## Data shown
****************************************

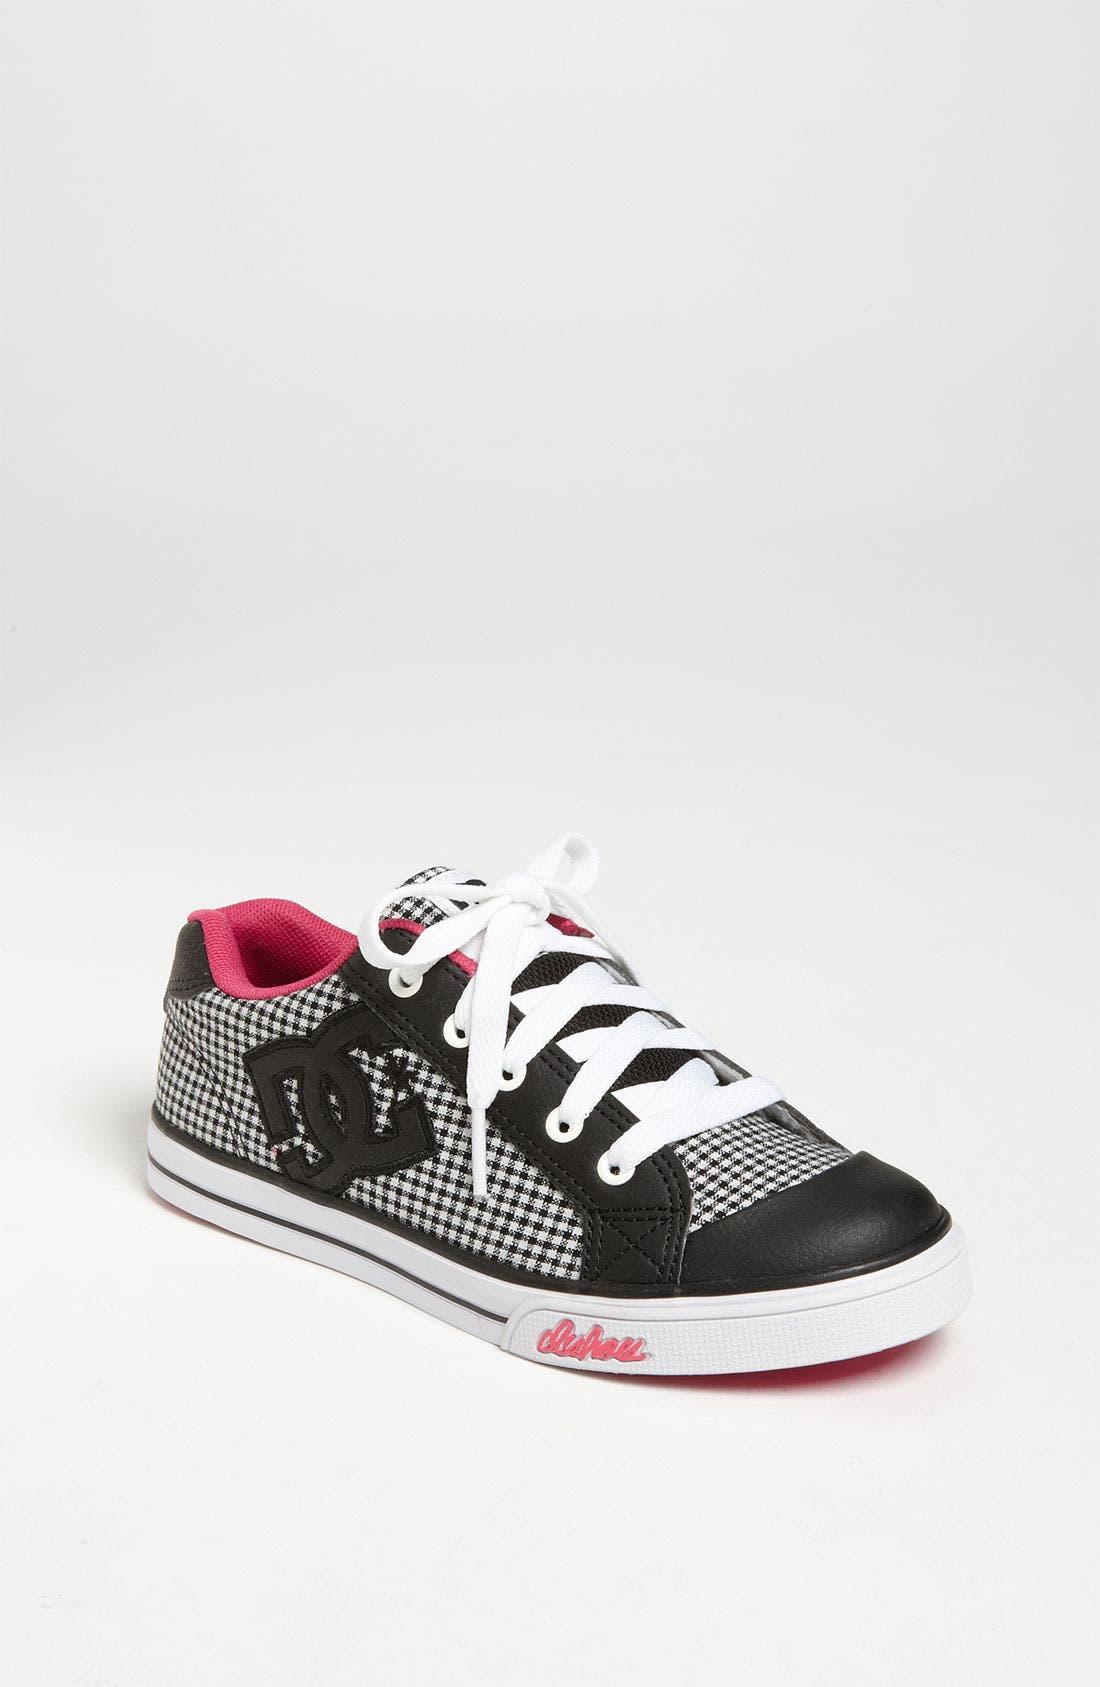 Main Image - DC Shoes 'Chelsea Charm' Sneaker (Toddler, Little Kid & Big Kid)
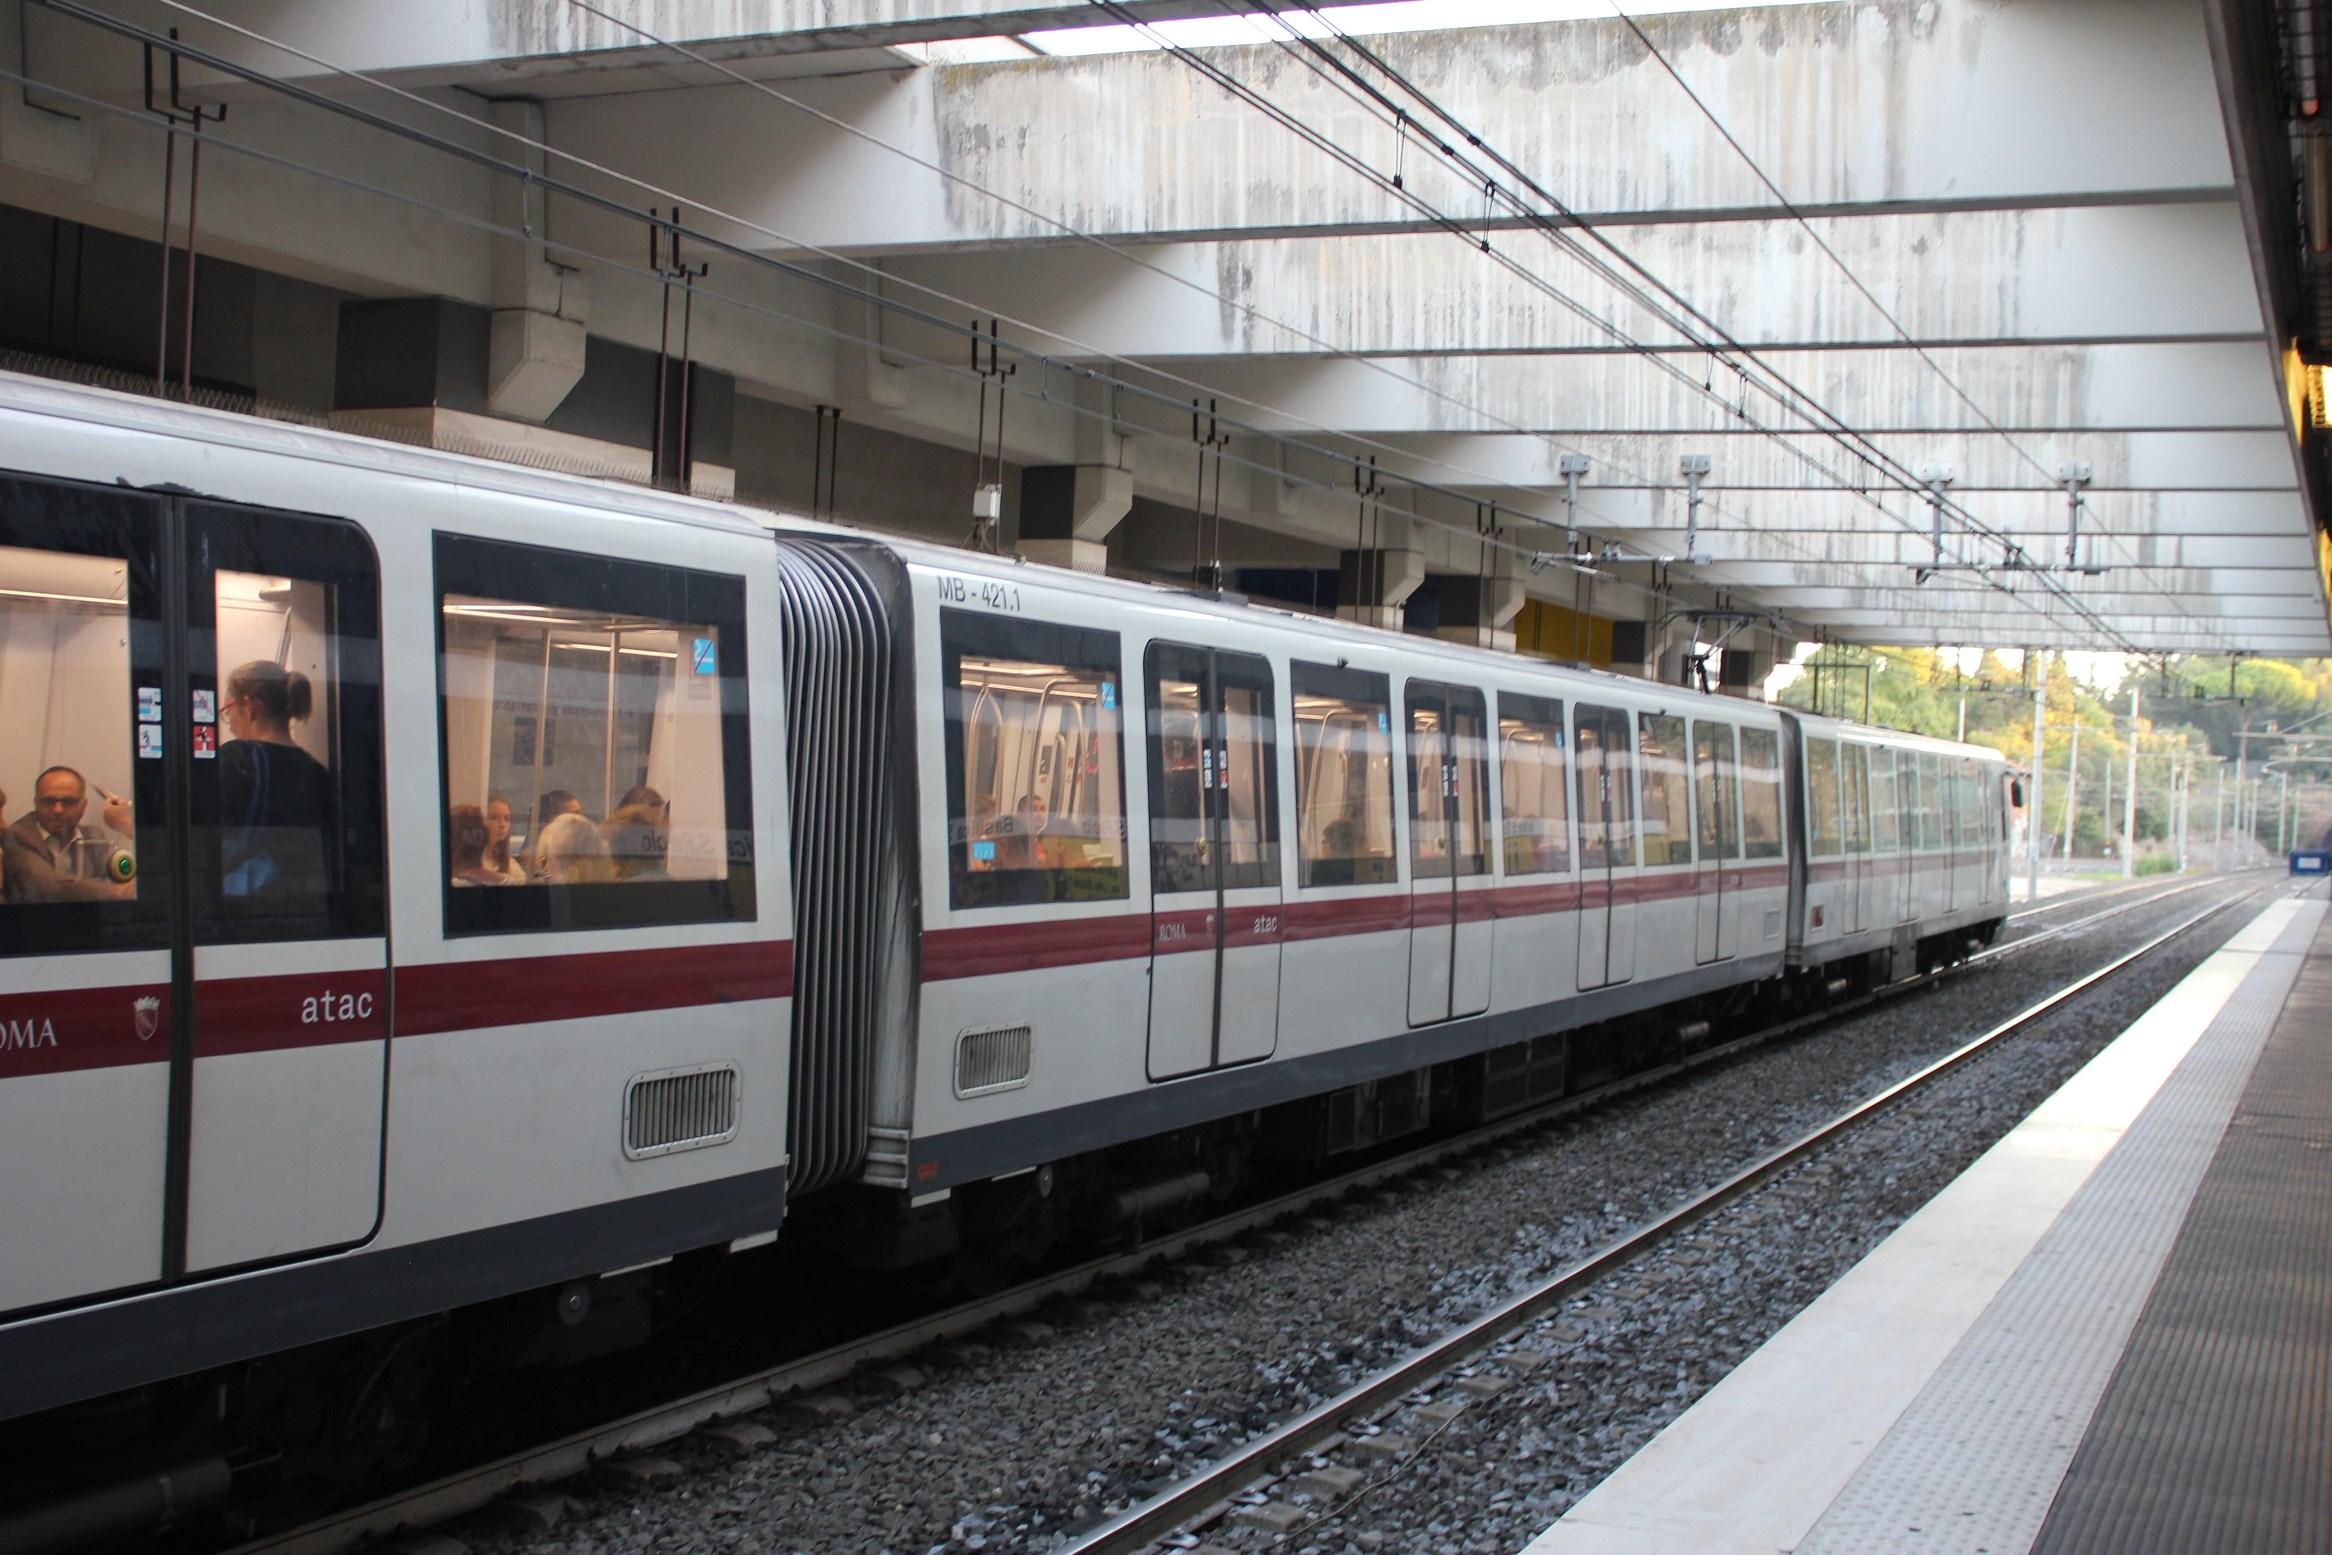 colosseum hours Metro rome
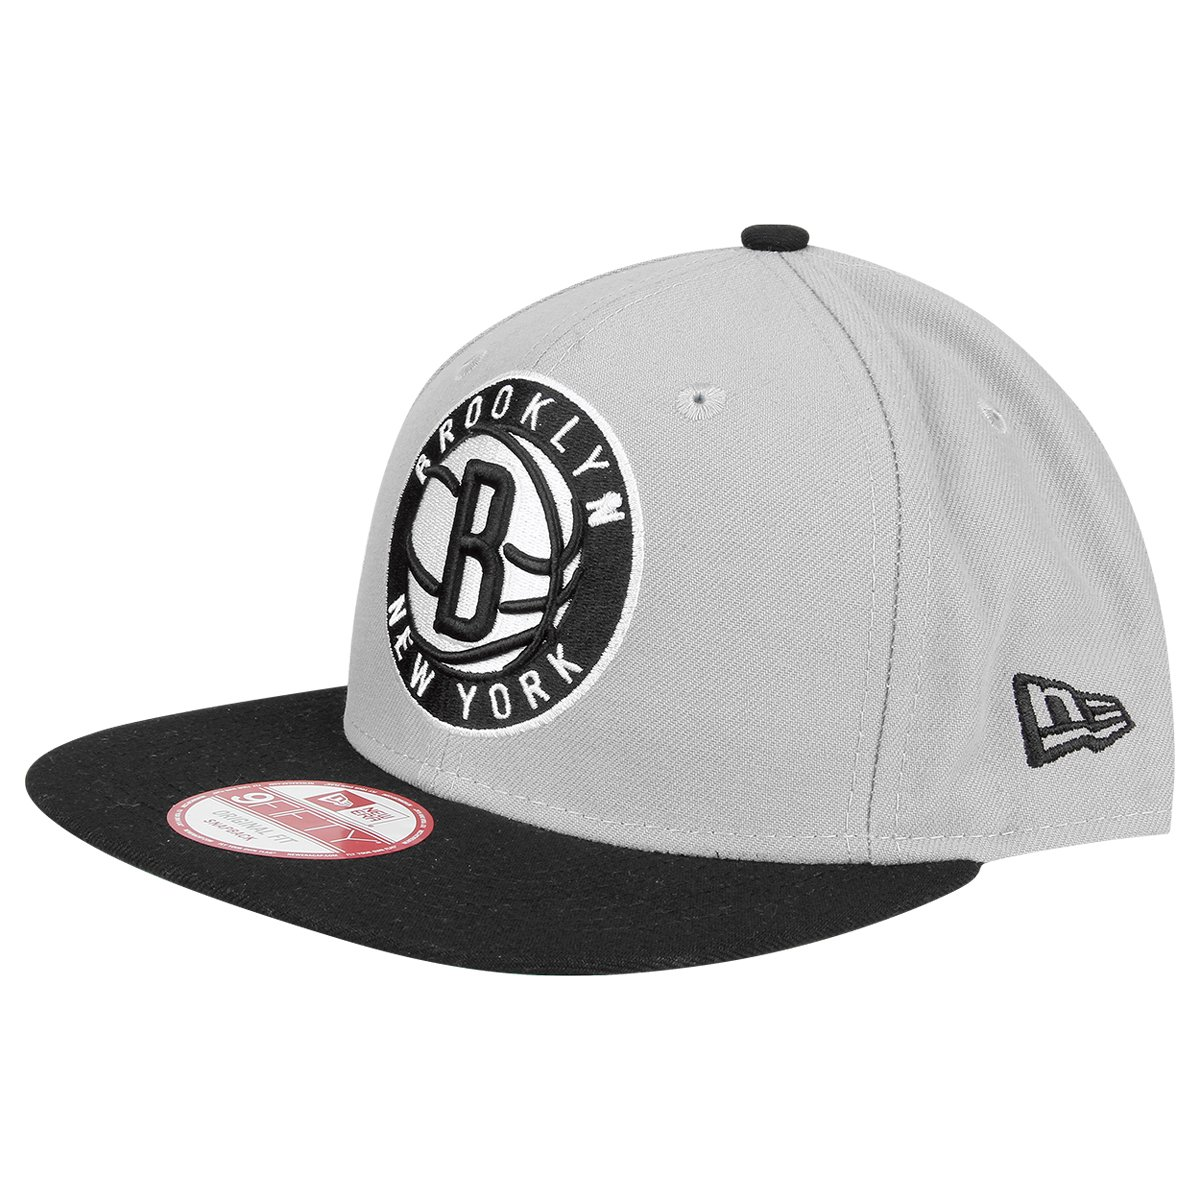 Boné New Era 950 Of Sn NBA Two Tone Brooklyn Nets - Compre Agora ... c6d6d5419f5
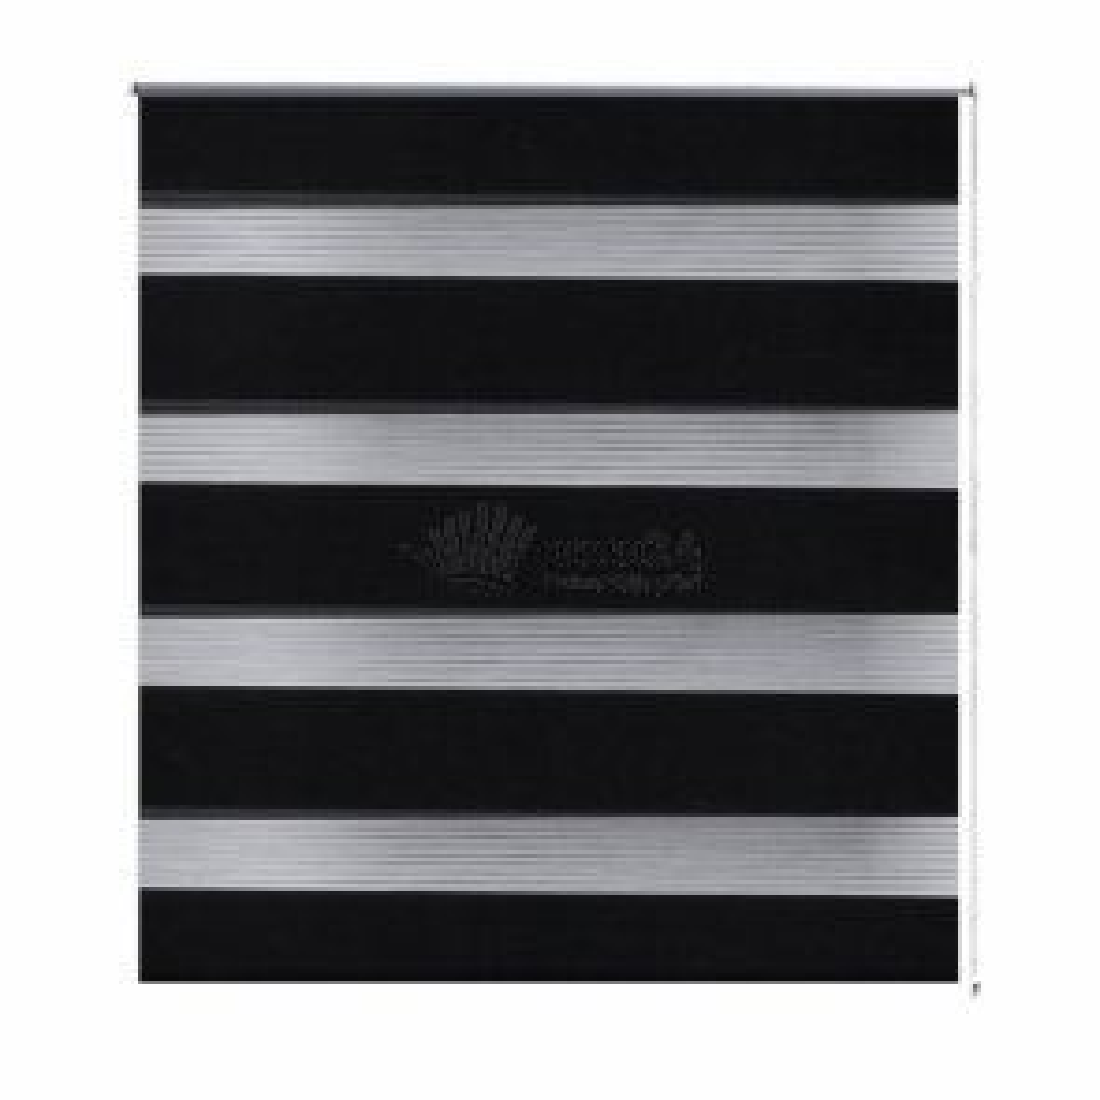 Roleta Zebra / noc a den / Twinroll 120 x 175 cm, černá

****************************************

## Problem description
Look above for the line containing "colosseum hours Metro rome"; output that line and all lines after it through the last one exactly, without the pictures.

## Task result
 colosseum hours Metro rome
 Boné New Era 950 Of Sn NBA Two Tone Brooklyn Nets - Compre Agora ... c6d6d5419f5
 Roleta Zebra / noc a den / Twinroll 120 x 175 cm, černá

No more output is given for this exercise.